**SUPPLIED INFORMATION:**
────
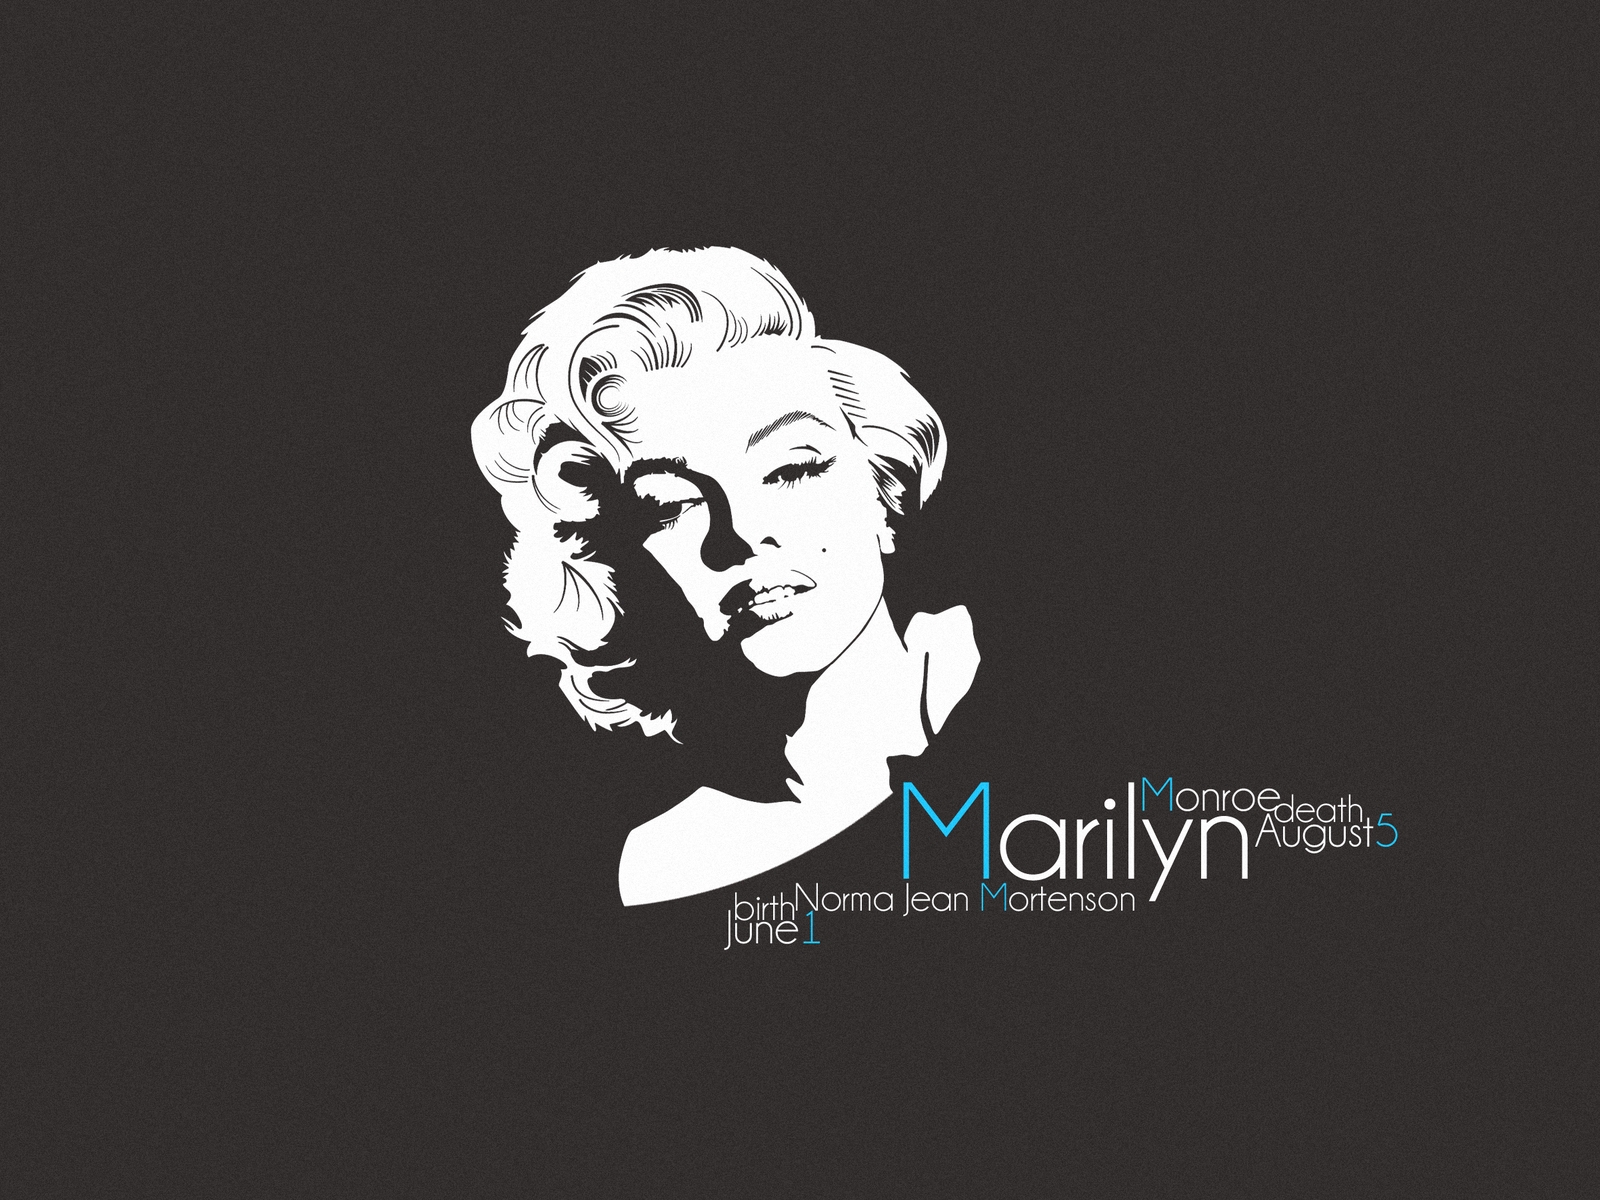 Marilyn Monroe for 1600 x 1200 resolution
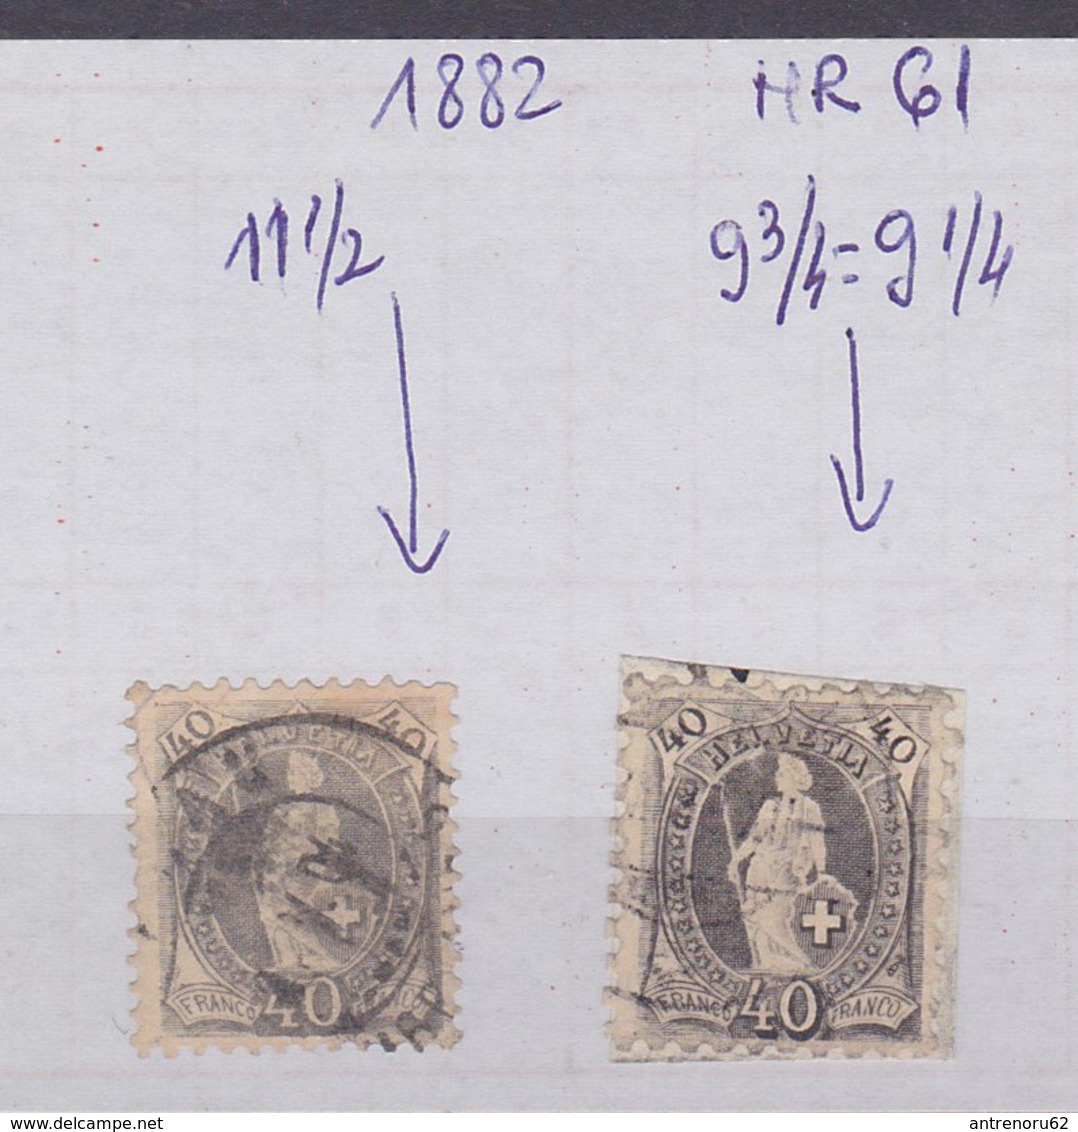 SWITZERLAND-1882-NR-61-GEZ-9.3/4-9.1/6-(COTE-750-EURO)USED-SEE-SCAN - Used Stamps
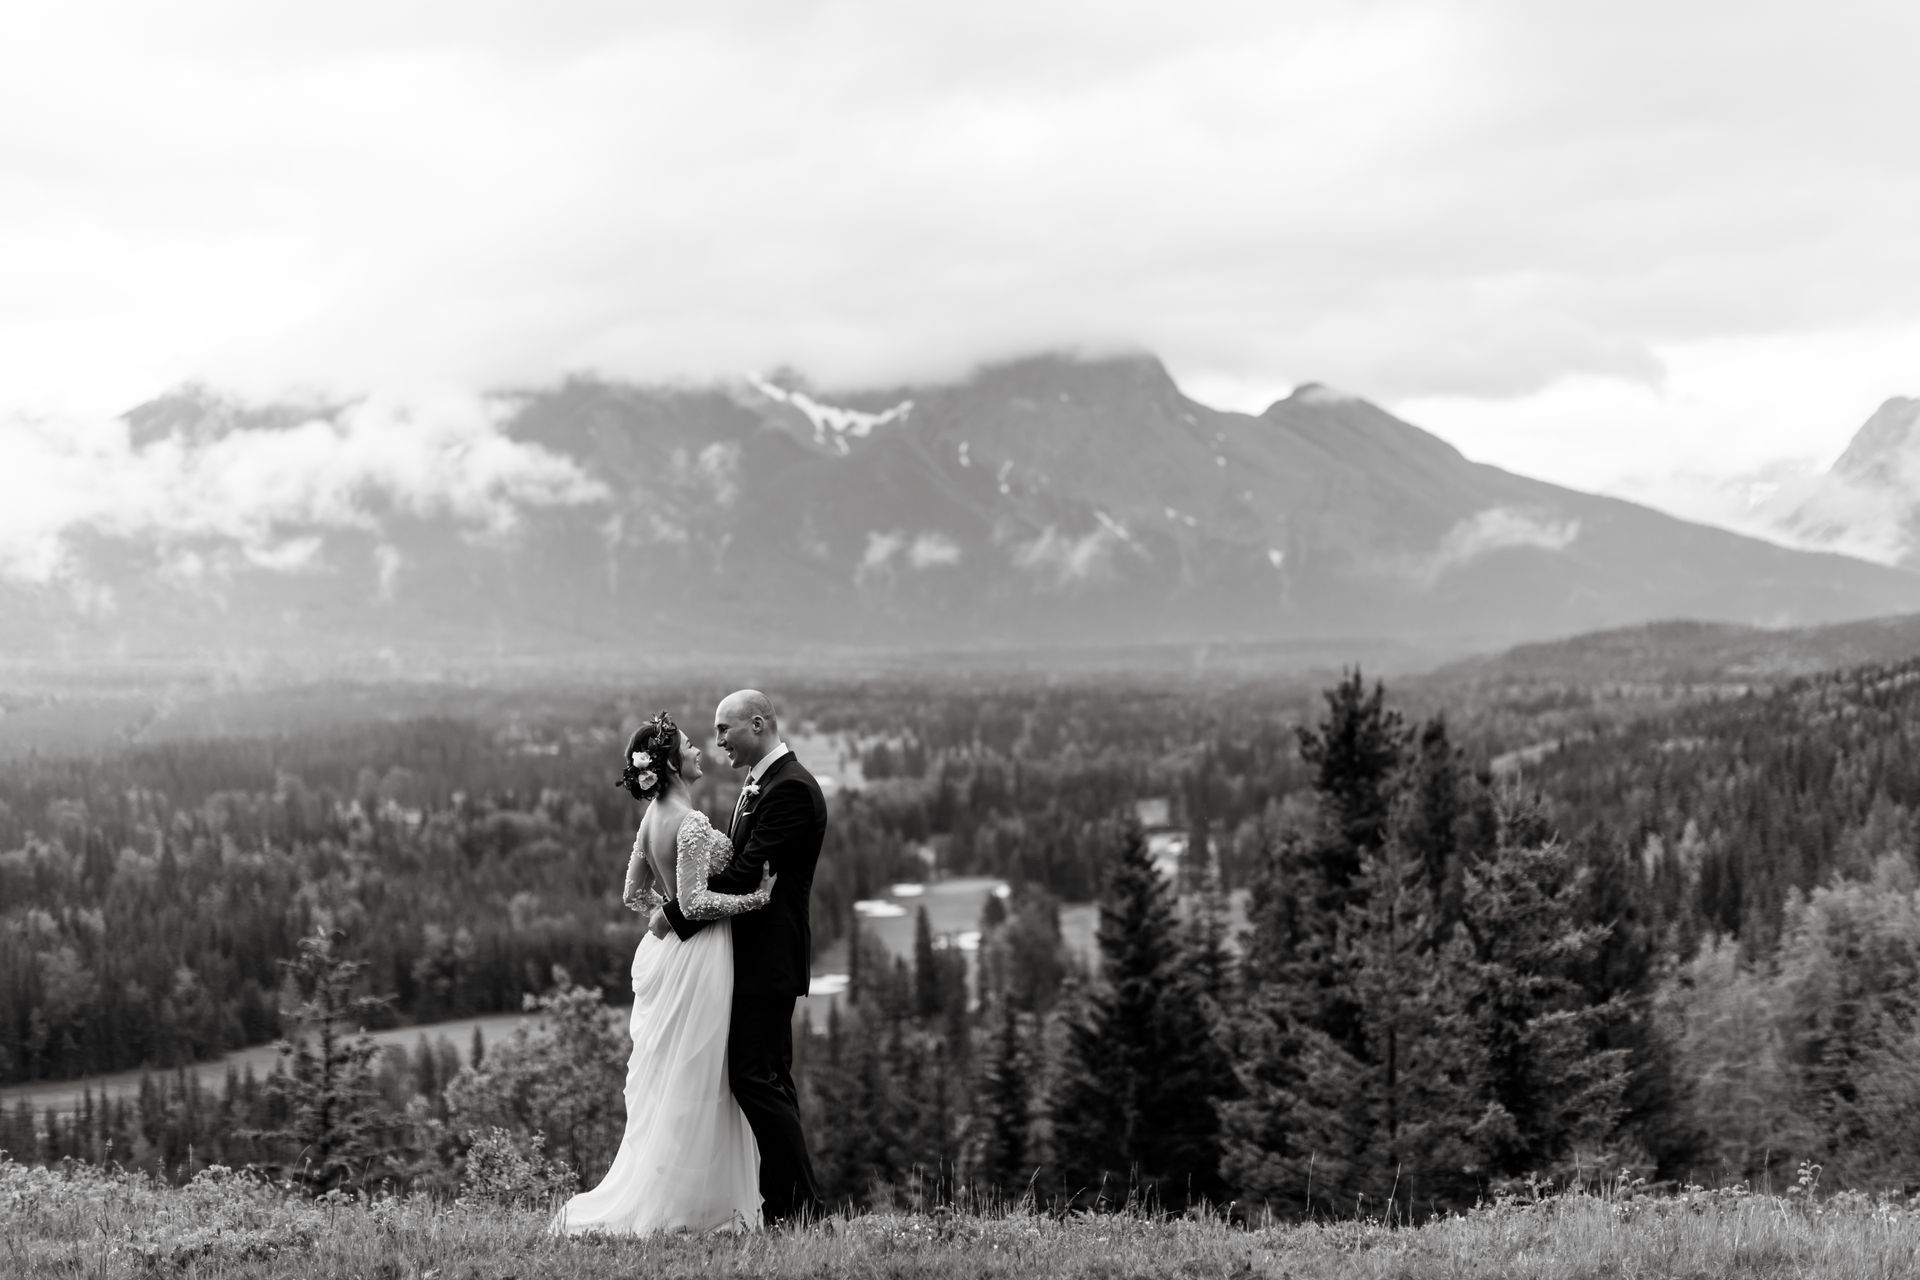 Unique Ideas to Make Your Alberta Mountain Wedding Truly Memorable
────
**EXERCISE:**
An unaltered copy of the material, without images, should be set down.

**RESPONSE AREA:**
 Marilyn Monroe for 1600 x 1200 resolution
 SWITZERLAND-1882-NR-61-GEZ-9.3/4-9.1/6-(COTE-750-EURO)USED-SEE-SCAN - Used Stamps
 Unique Ideas to Make Your Alberta Mountain Wedding Truly Memorable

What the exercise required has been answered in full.